In other words, society falls, the food chain crumbles and we all die.

Republican "truth" is that the state must slash spending because increasing taxes will wreck recovery, massacre middle-class families and throw those who now have jobs into the streets.

Not a direct death sentence, granted, but economic Armageddon implying bedlam and eventual anarchy.

The real truth, of course, is somewhere in the middle, but there are no signs yet of moving that way.

Responding to the Guv's plan to hike the personal-income tax from 3.07 percent to 3.57 percent to grab an extra $1.5 billion, Republican Senate President Joe Scarnati said: "The last thing we can afford to do is raise taxes on working people and job creators who are already struggling to make ends meet. . . . There is no support in the Republican Senate for this type of broad-based tax increase."

So, we face next week's fiscal-year deadline caught between two "truths."

The Western Pennsylvania Democrat in the hallway says we should do this: With no GOP support for a tax increase and with questionable Democratic support (though His Edness is scheduled to meet today with House and Senate Dems to sell it), pass a big-cuts budget without new taxes and see what happens.

If there indeed is lawless chaos in the streets, mosquito-borne death in the suburbs and barren fields everywhere else, come back and approve supplemental spending, even if it means increasing taxes.

"That," he says, "is a real last-resort tax hike."

(It also could give Democrats an I-told-you-so political label, as opposed to the tax-and-spend label Republicans hang on them now.)

He suggests that many Democrats support a no-tax budget because constituents, hurting from the recession and mindful of legislative greed and avarice (2005 pay raise; ongoing corruption probes) are especially touchy about paying higher taxes.

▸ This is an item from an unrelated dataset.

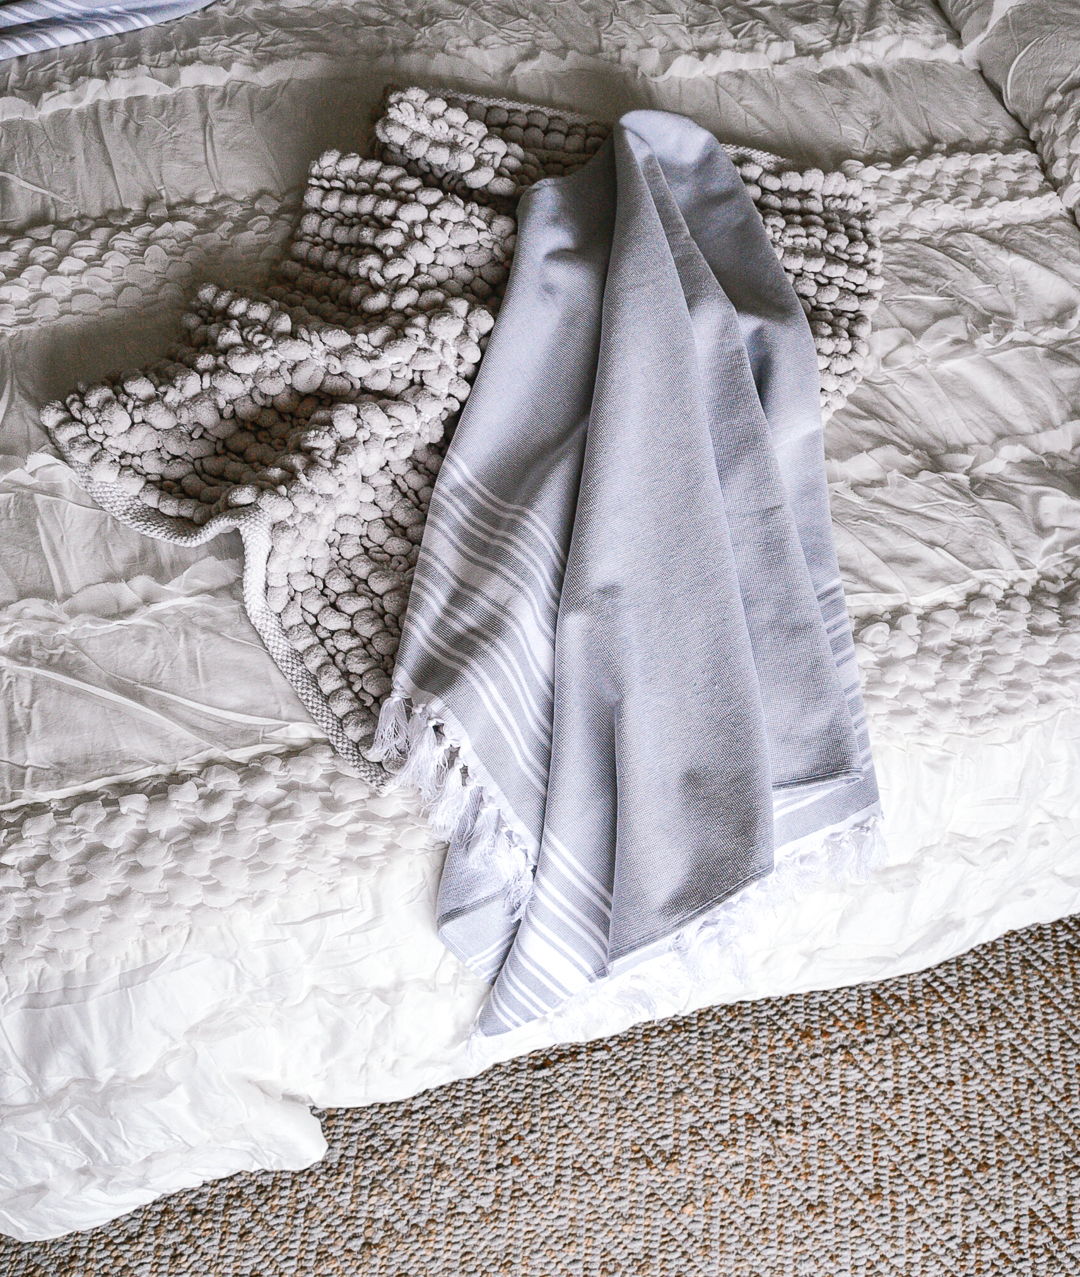 Grey bubbled bath mat and turkish linen towels - Our Master Bedroom Linen Refresh with Home Decorators by Chicago style blogger Visions of Vogue
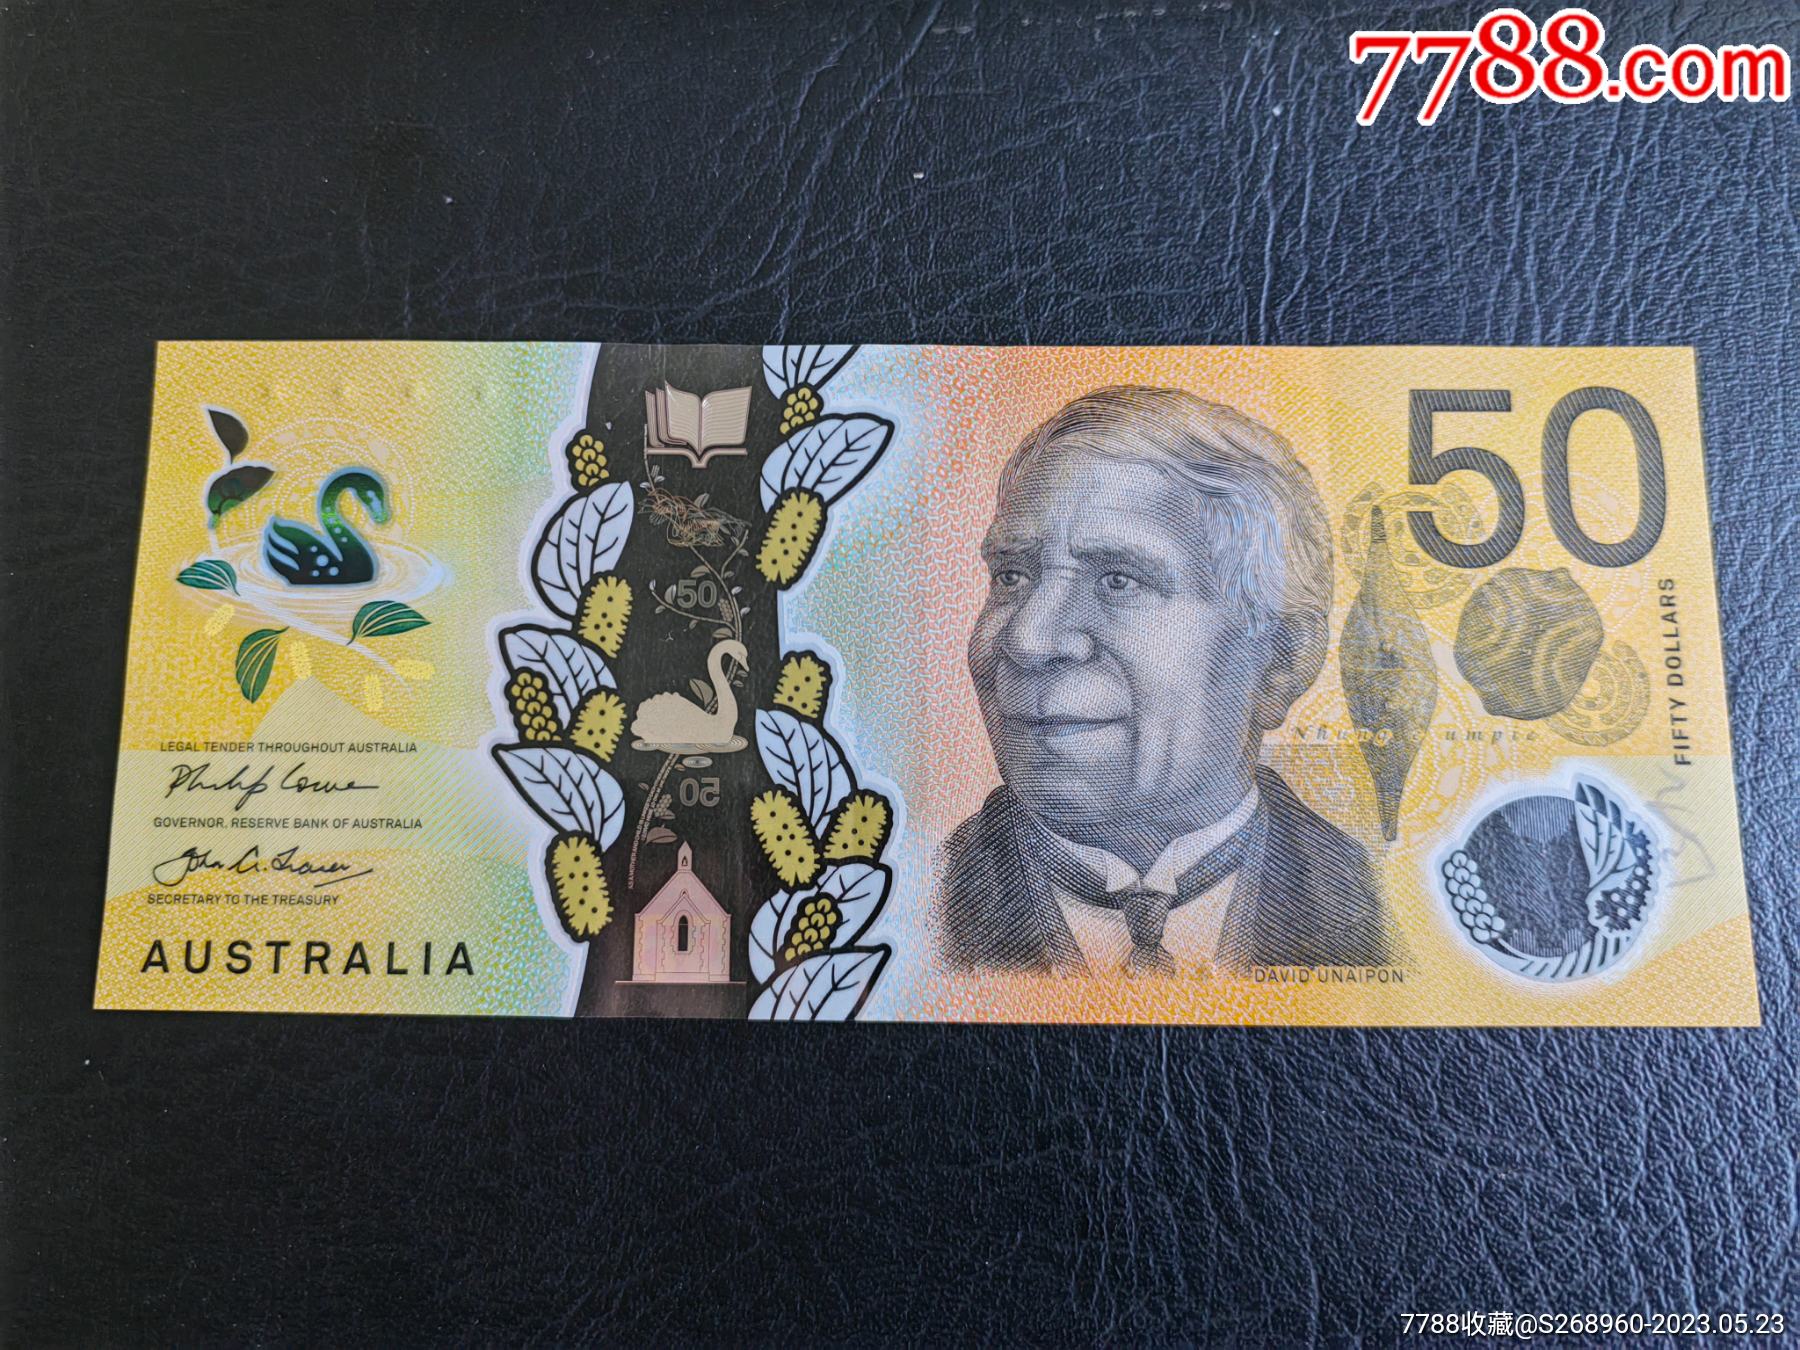 Australia's central bank prints 46 million $50 notes with a typo

And it's possible that an improving economy decreases the need for higher taxes. As one GOP lawmaker puts it: "What if we increase taxes this year and the economy recovers next year and we face voters in 2010 trying to explain why we hiked their taxes?"

I still favor a stopgap budget to keep government running and state workers paid until pols agree on a spending plan. Harrisburg Democratic Rep. Ron Buxton says he's introducing such a bill.

I also like Harrisburg GOP Rep. Ron Marsico's measure to force the governor, the Cabinet and all lawmakers to forfeit pay every day the annual budget is late - although, honestly, such a law is only wishful thinking.

So, maybe an option ought to be a budget that does little else but point us toward the truth.